Would I name him Frank the Tank 2, Mulder 2, or Puppy 2 after my previous fish? I decided I couldn’t possibly choose a color alone. And I didn’t have enough cash.
So then I looked into purchasing a plant to love. Maybe it would keep away bugs. I remembered how much joy my garden at home had brought me; it was something to talk to, to fuss over, to spend time with and worry about, and be proud of. A plant seemed like the answer. Another serious internal debate ensued. I looked at SUCCULENTS, for God’s sake. But I walked away alone again. Naturally.
I’m okay with the singleness most of the time. I get to nap when I want and eat when I want and go where I want. But that gets really boring after a while. And then sometimes it scares me how lonely I can get, how anxious I can get about my future and God’s timing for it all. One of my friends at prayer group asked if these thoughts were really my own or thoughts from the enemy, but I don’t need the devil to tell me I feel lonely. I am. But I think I have to try harder to learn contentment and patience in where I am now.
Luckily, when I was having a bit of a hard week emotionally, I also had a pretty funny week with kids. And an American mom from school brought me a tub of homemade cake frosting, which was so delicious it almost brings me to tears. She said that it should last a few days in the fridge, like I wasn’t going to devour the whole thing in 24 hours like a classic fat kid more lonely for food from home than the people that live there.
But definitely my highlight, and a very clear reminder from God that I am where I am supposed to be, came after I led devotions for the staff this morning. I am so impressed with the people on staff who speak English as a second language and lead our devotions, and so I wanted to sing one of my favorite praise songs in Portuguese.
I stressed out over it for days – I understand Portuguese pretty well, but was feeling really self-conscious about my accent as I sang.

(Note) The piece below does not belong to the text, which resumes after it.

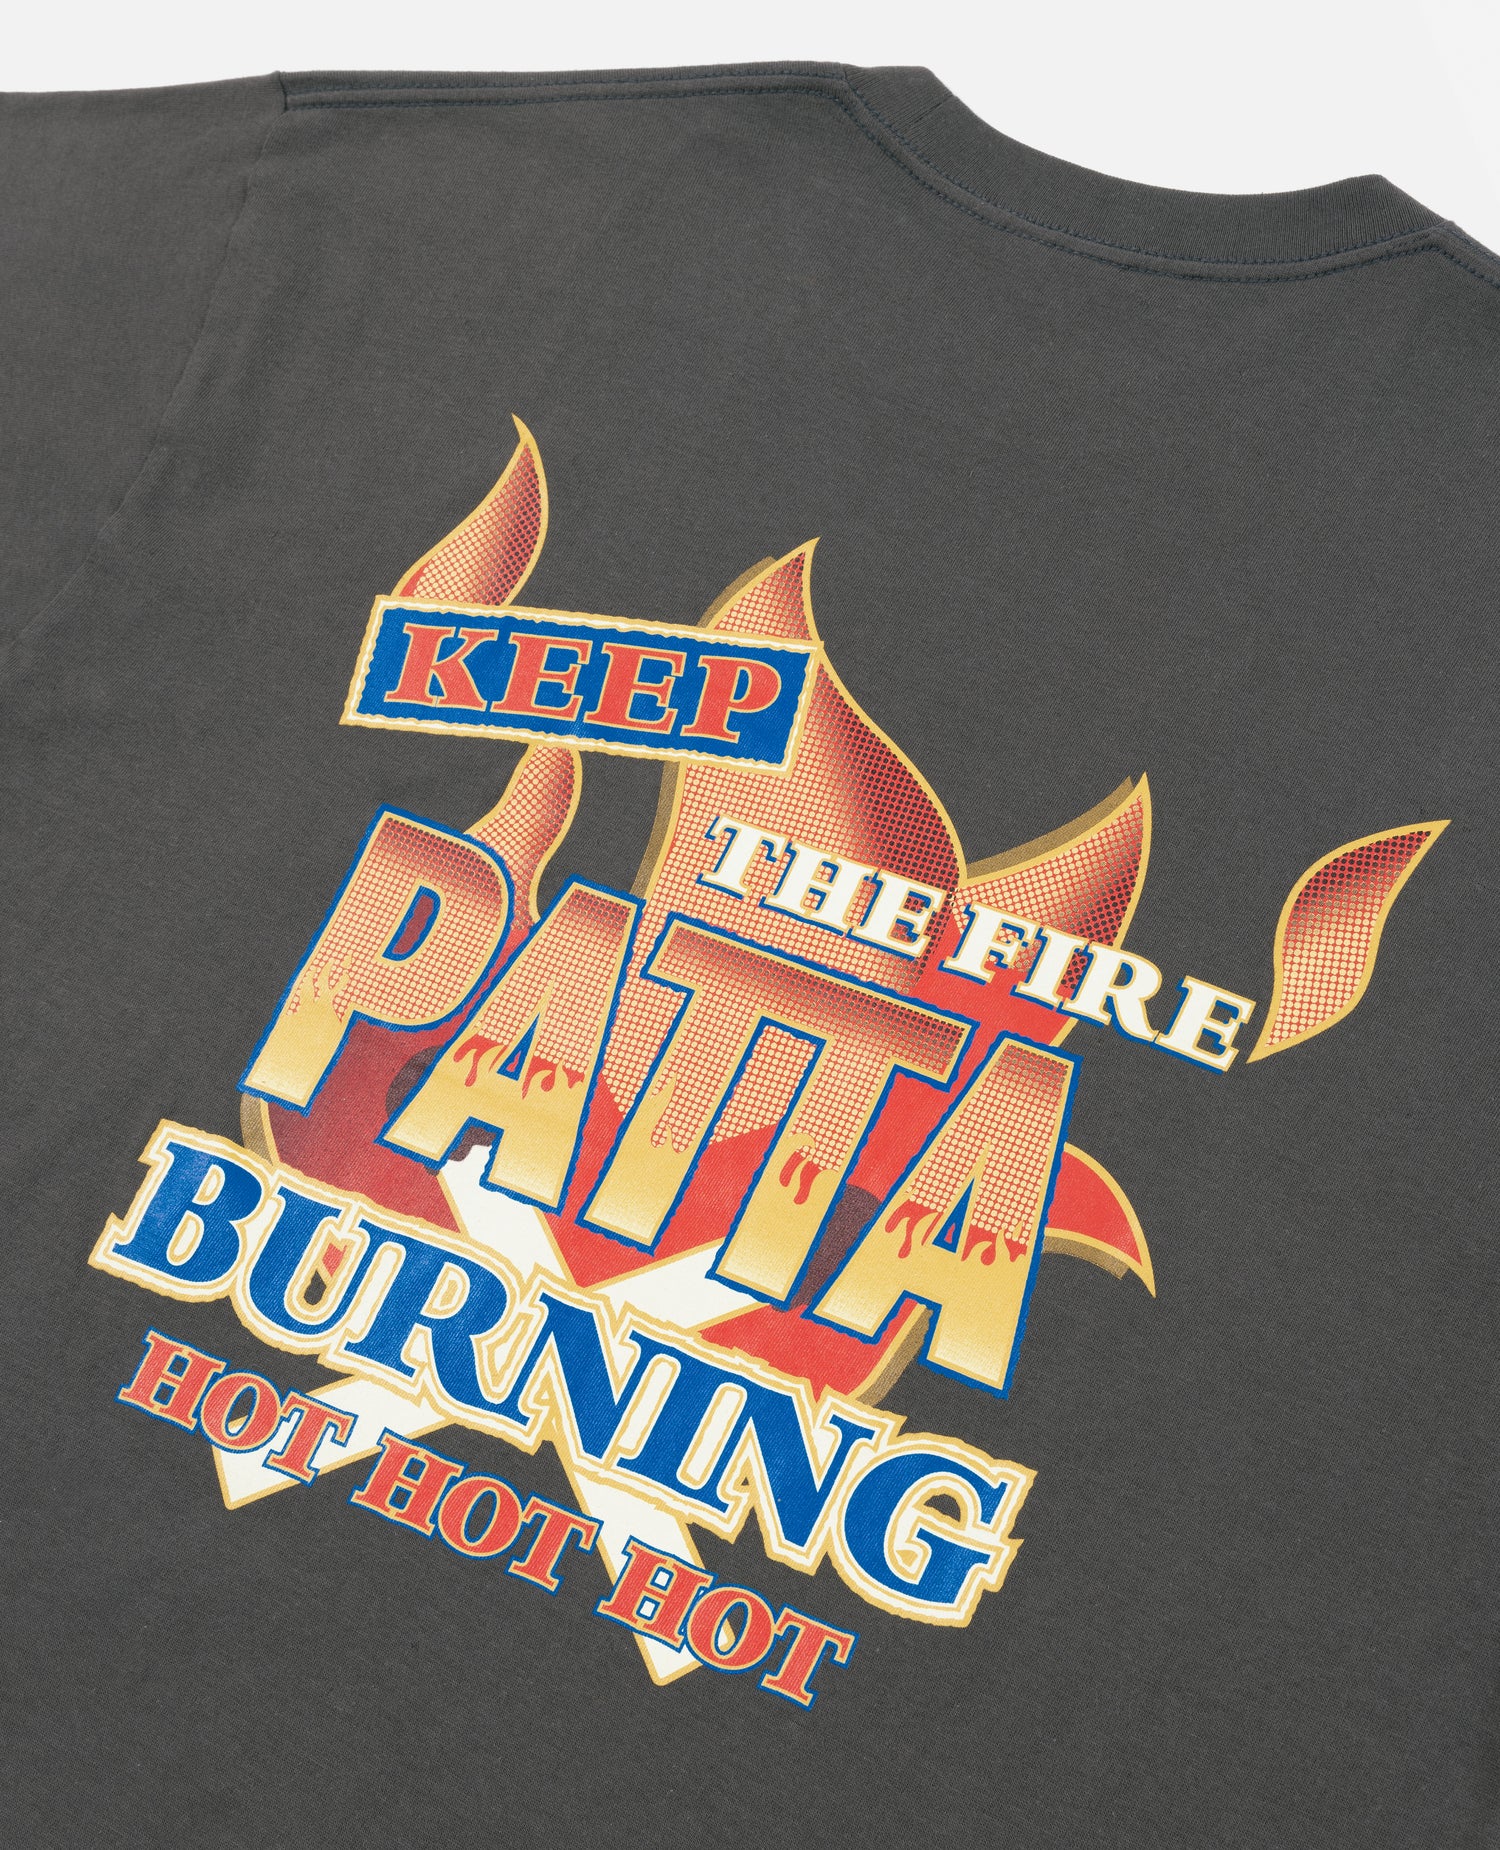 Patta Keep The Fire Burning T-Shirt (Raven)
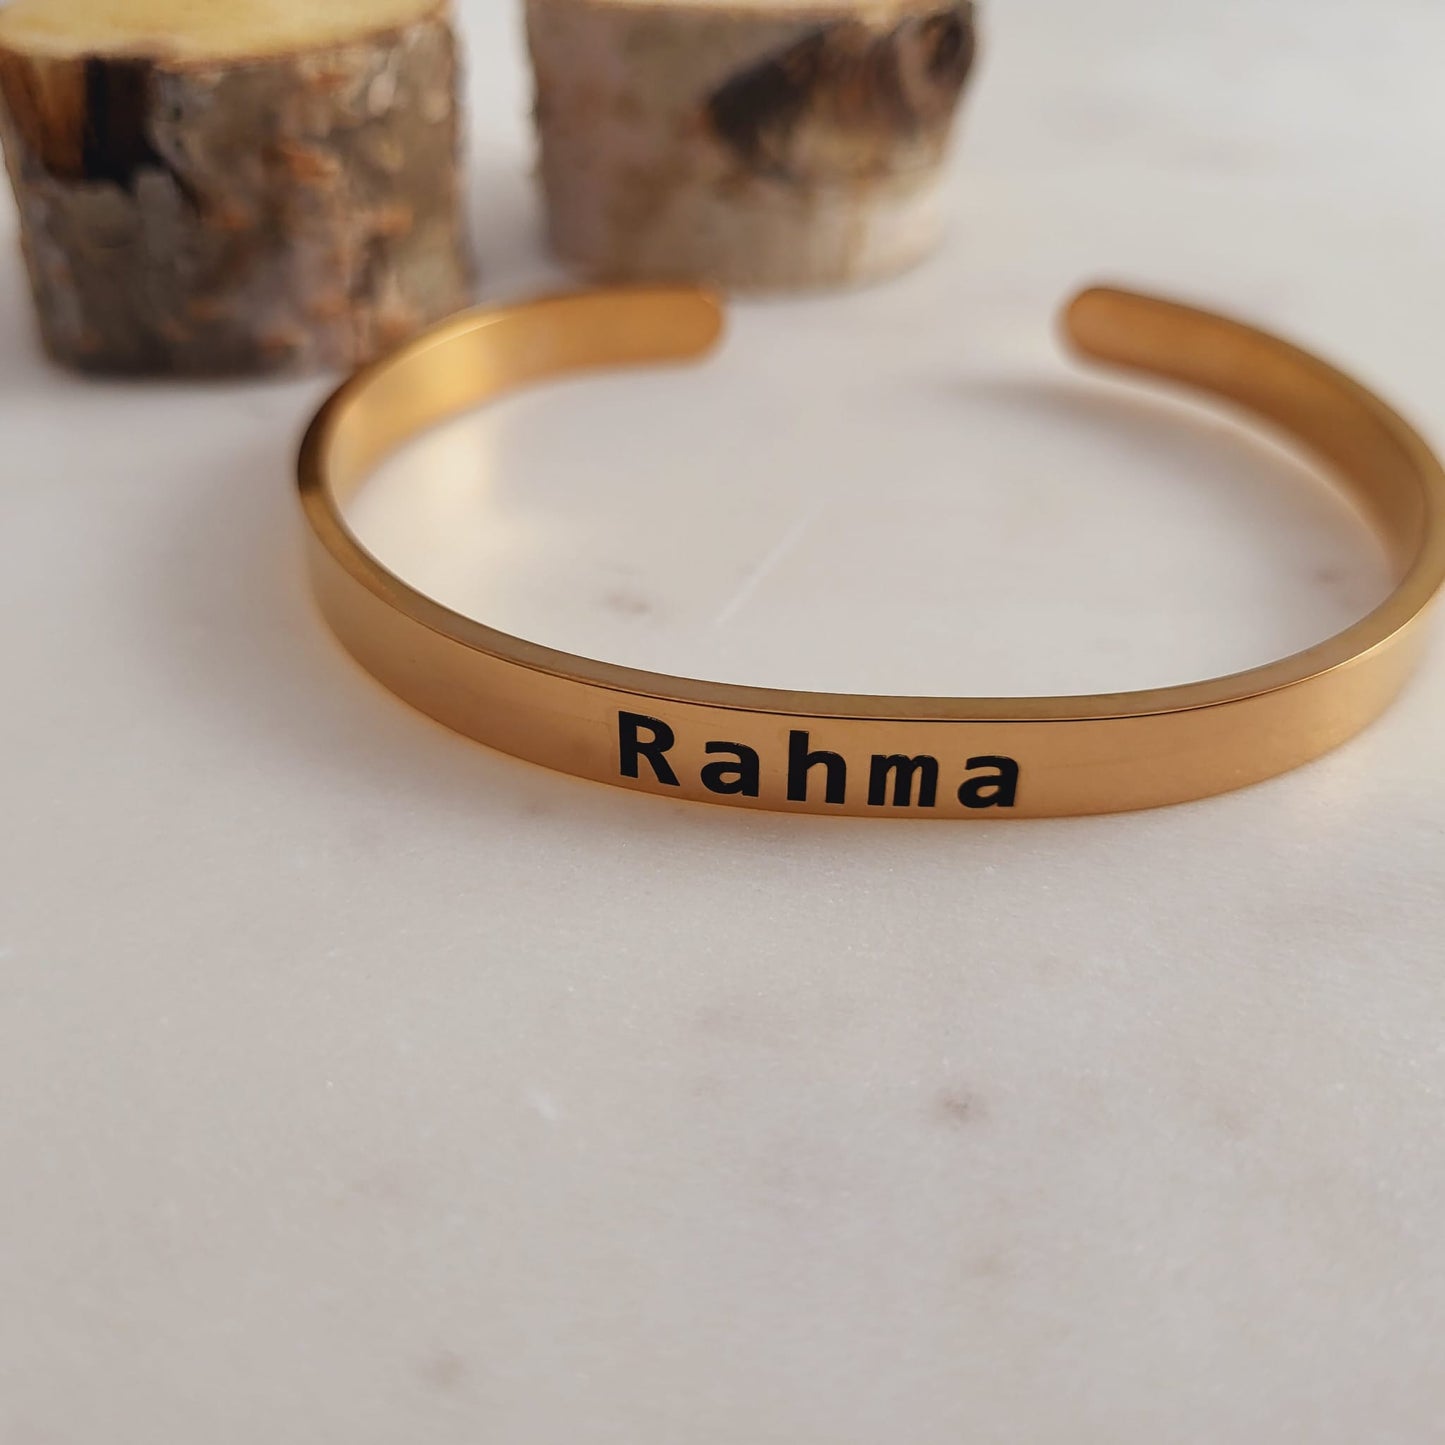 Ramadan Eid Gifts - RAHMA Bracelet Muslim Islamic Bracelet Gift

But afterwards one of the Brazilian teachers came up in tears, thanking me for singing in Portuguese. She said she is “muito brasilero,” (super patriotic) and worries that some of us who work at this school leave our families, friends, all we know, to come here and end up hating her country with all the corruption and violence and things that are so different. So it touched her to know that I value Portuguese and love being here in Brazil. She actually filmed it, and we watched, hugging each other and crying. It was a moment on this journey.
We’re all spinning around on this crazy planet trying to do the best we can and hoping it all works out. I’m glad I’m here in Brazil at the moment, under an eyelash moon (I used to call it a “fingernail moon” until a good friend poetized me it’s real name) while I do the best I can.